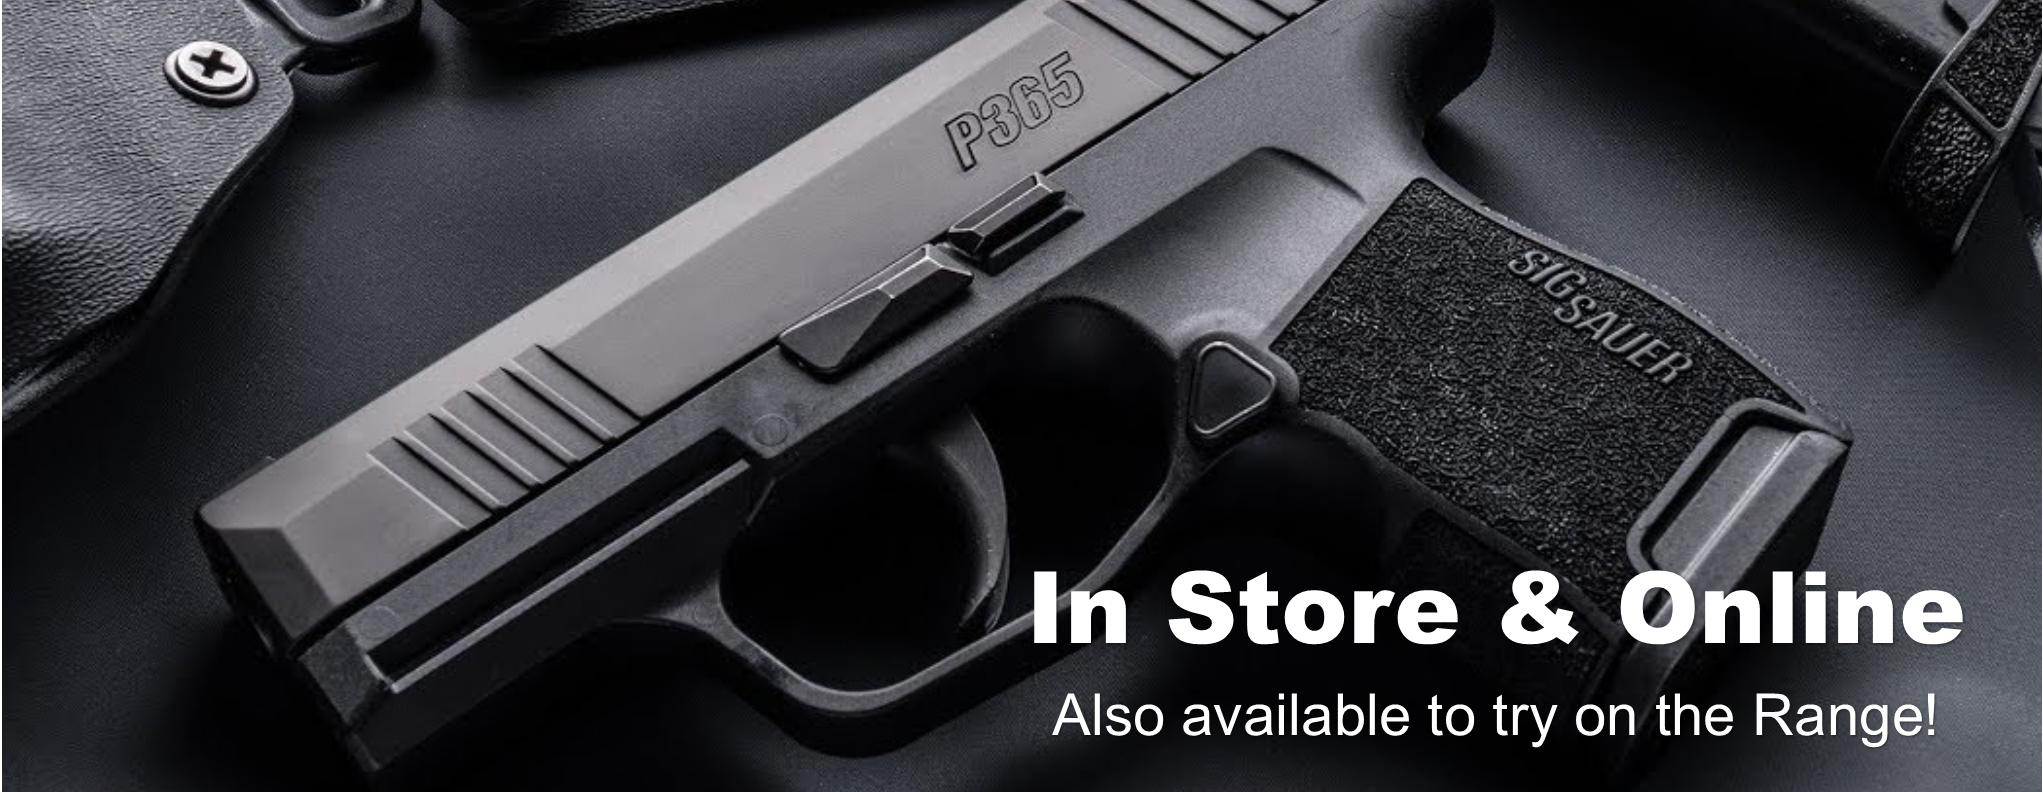 /products/handguns-sig-sauer-365-9-bxr3-798681572762-3031
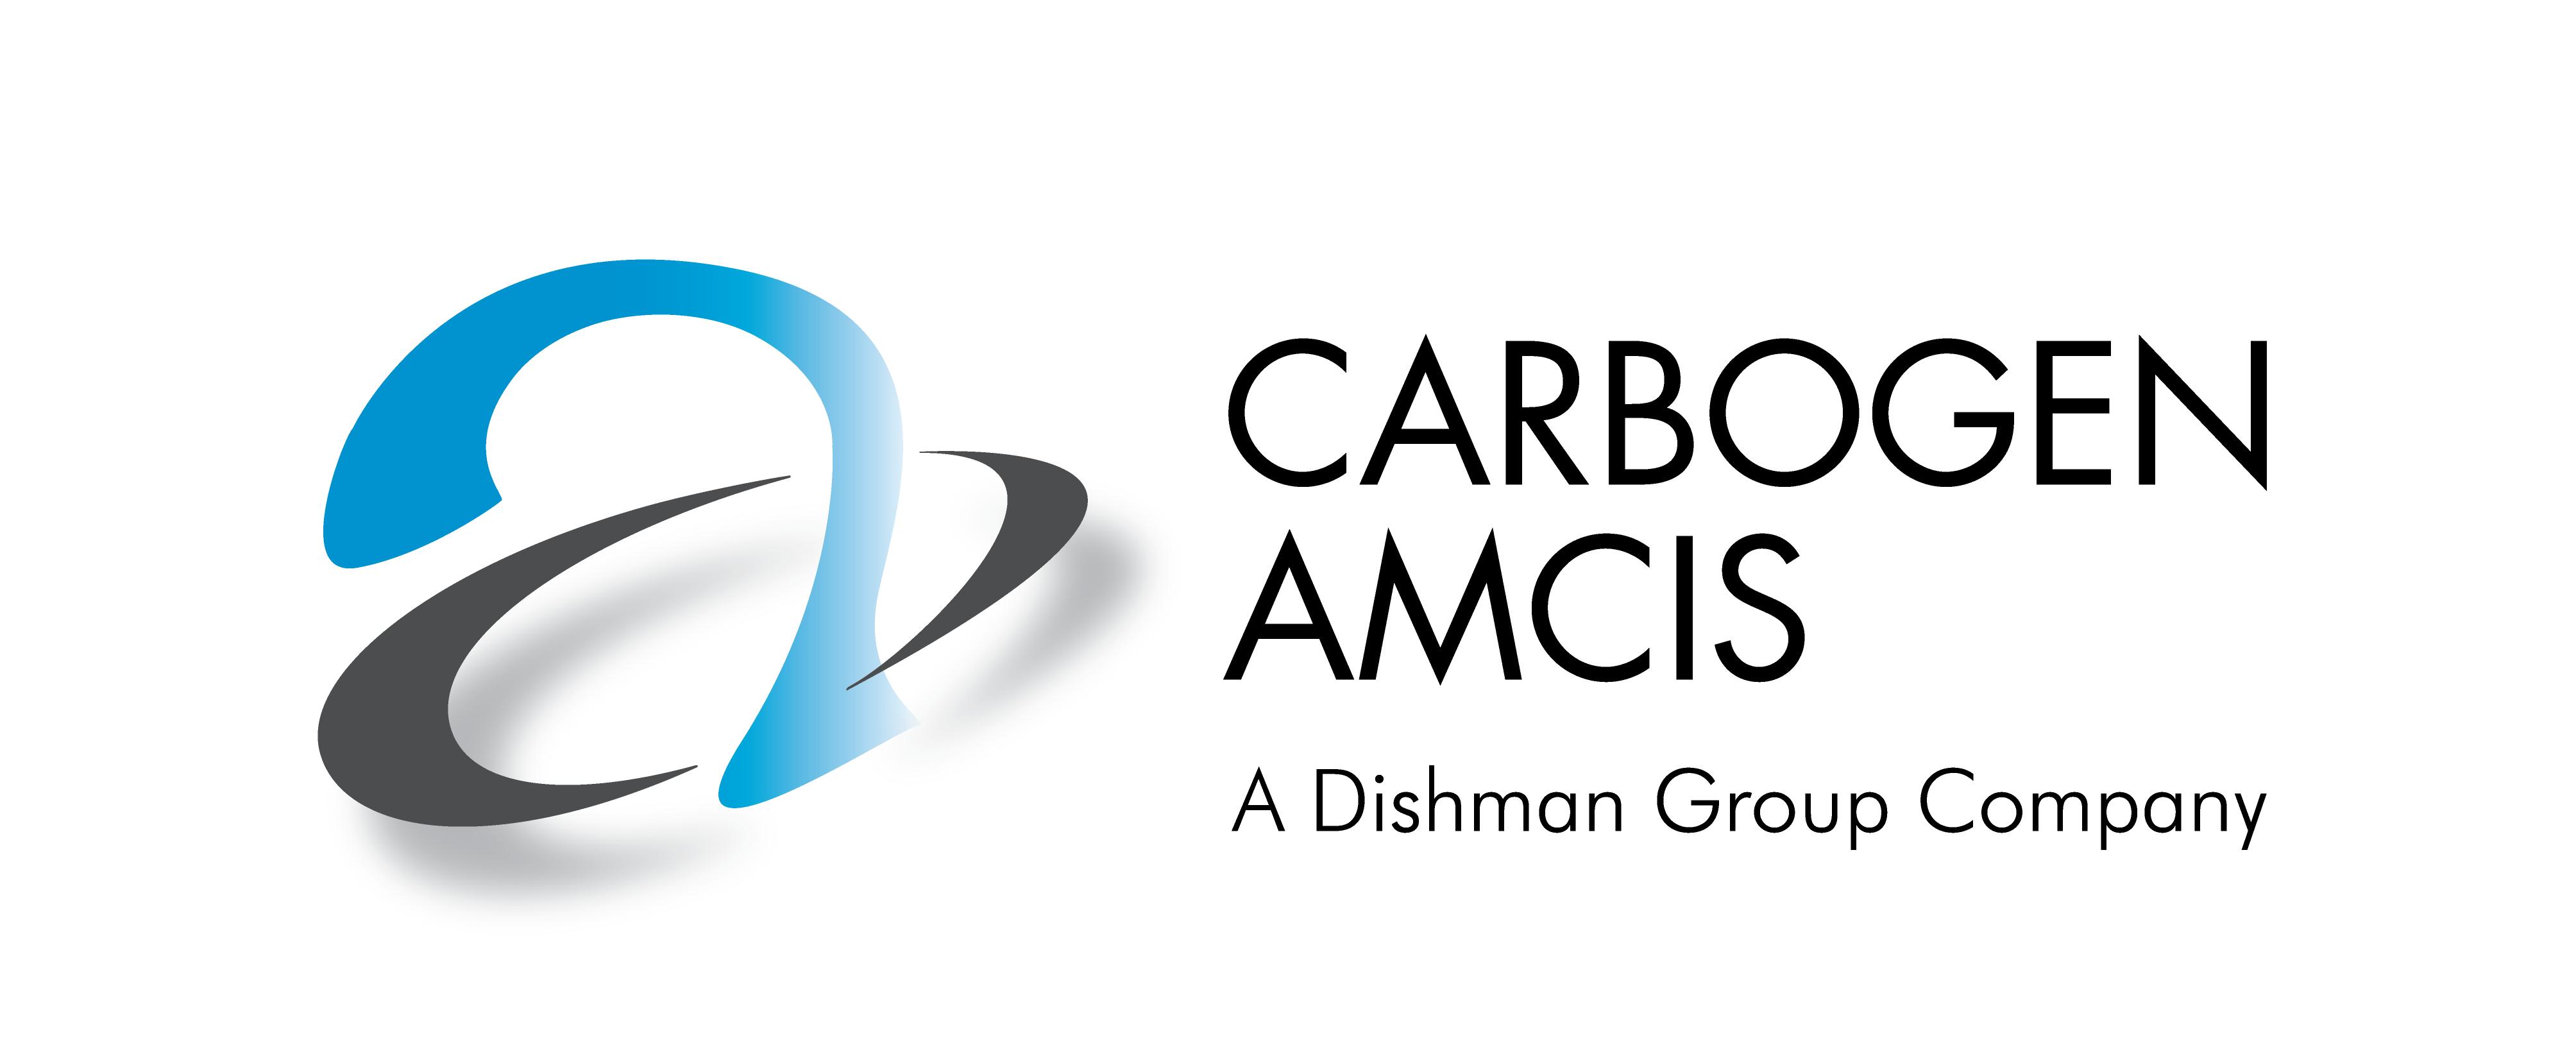 Carbogen-Amcis
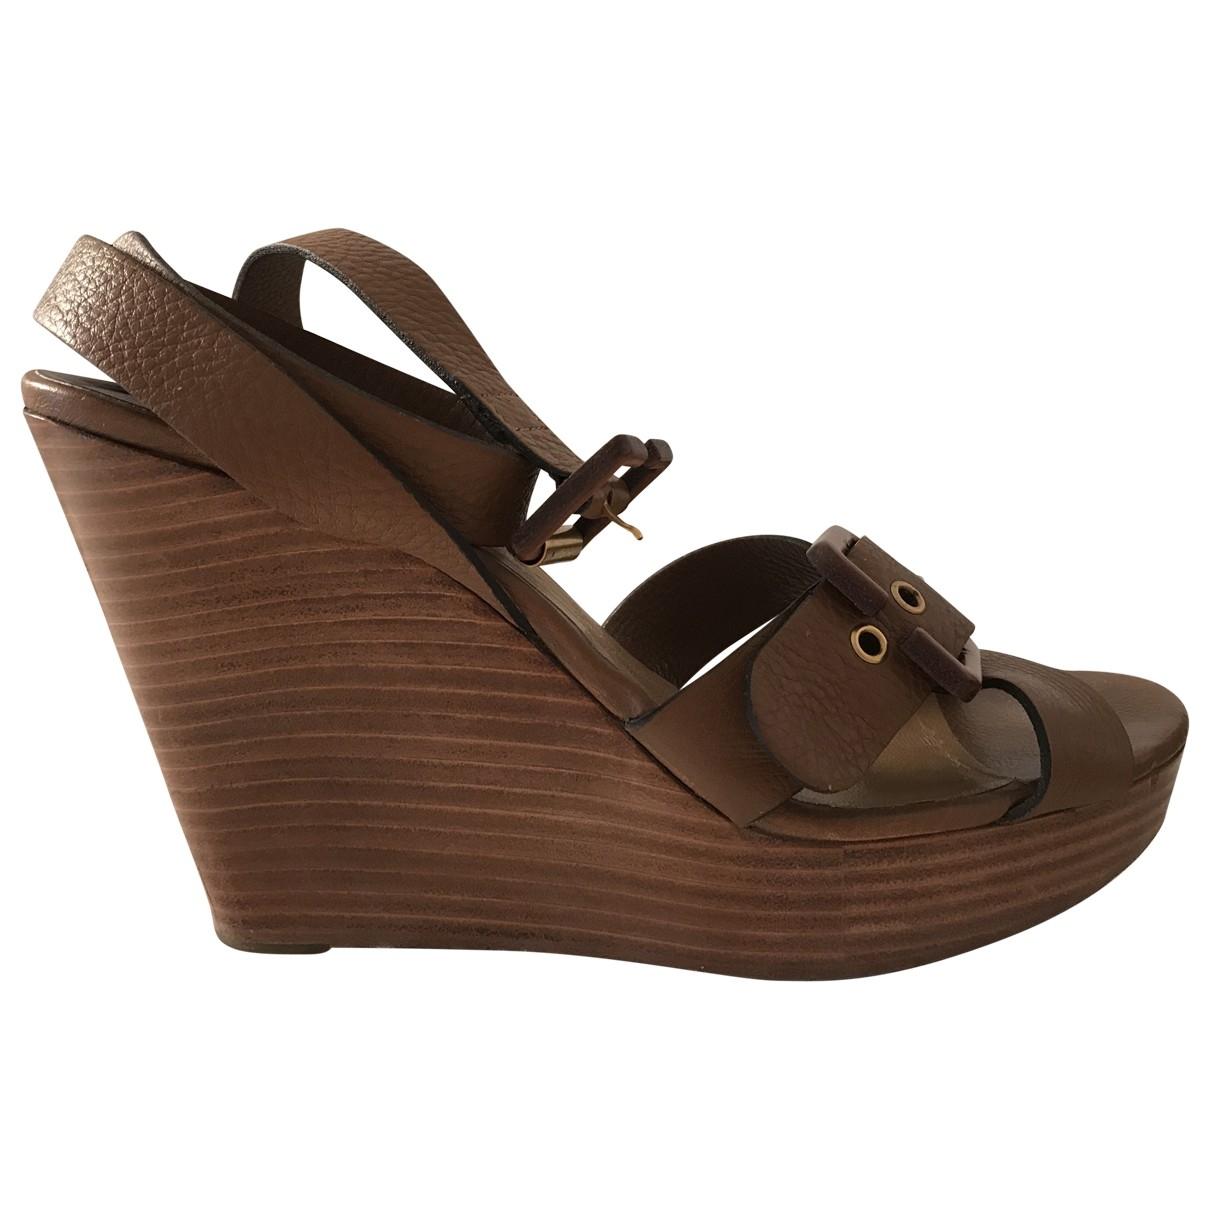 Chloé \N Beige Leather Sandals for Women 40 EU
.....
Problem statement: Output everything in the material exactly. Pictures stay out of it.

Result for this exercise:
 /products/handguns-sig-sauer-365-9-bxr3-798681572762-3031
 Carbogen-Amcis
 Chloé \N Beige Leather Sandals for Women 40 EU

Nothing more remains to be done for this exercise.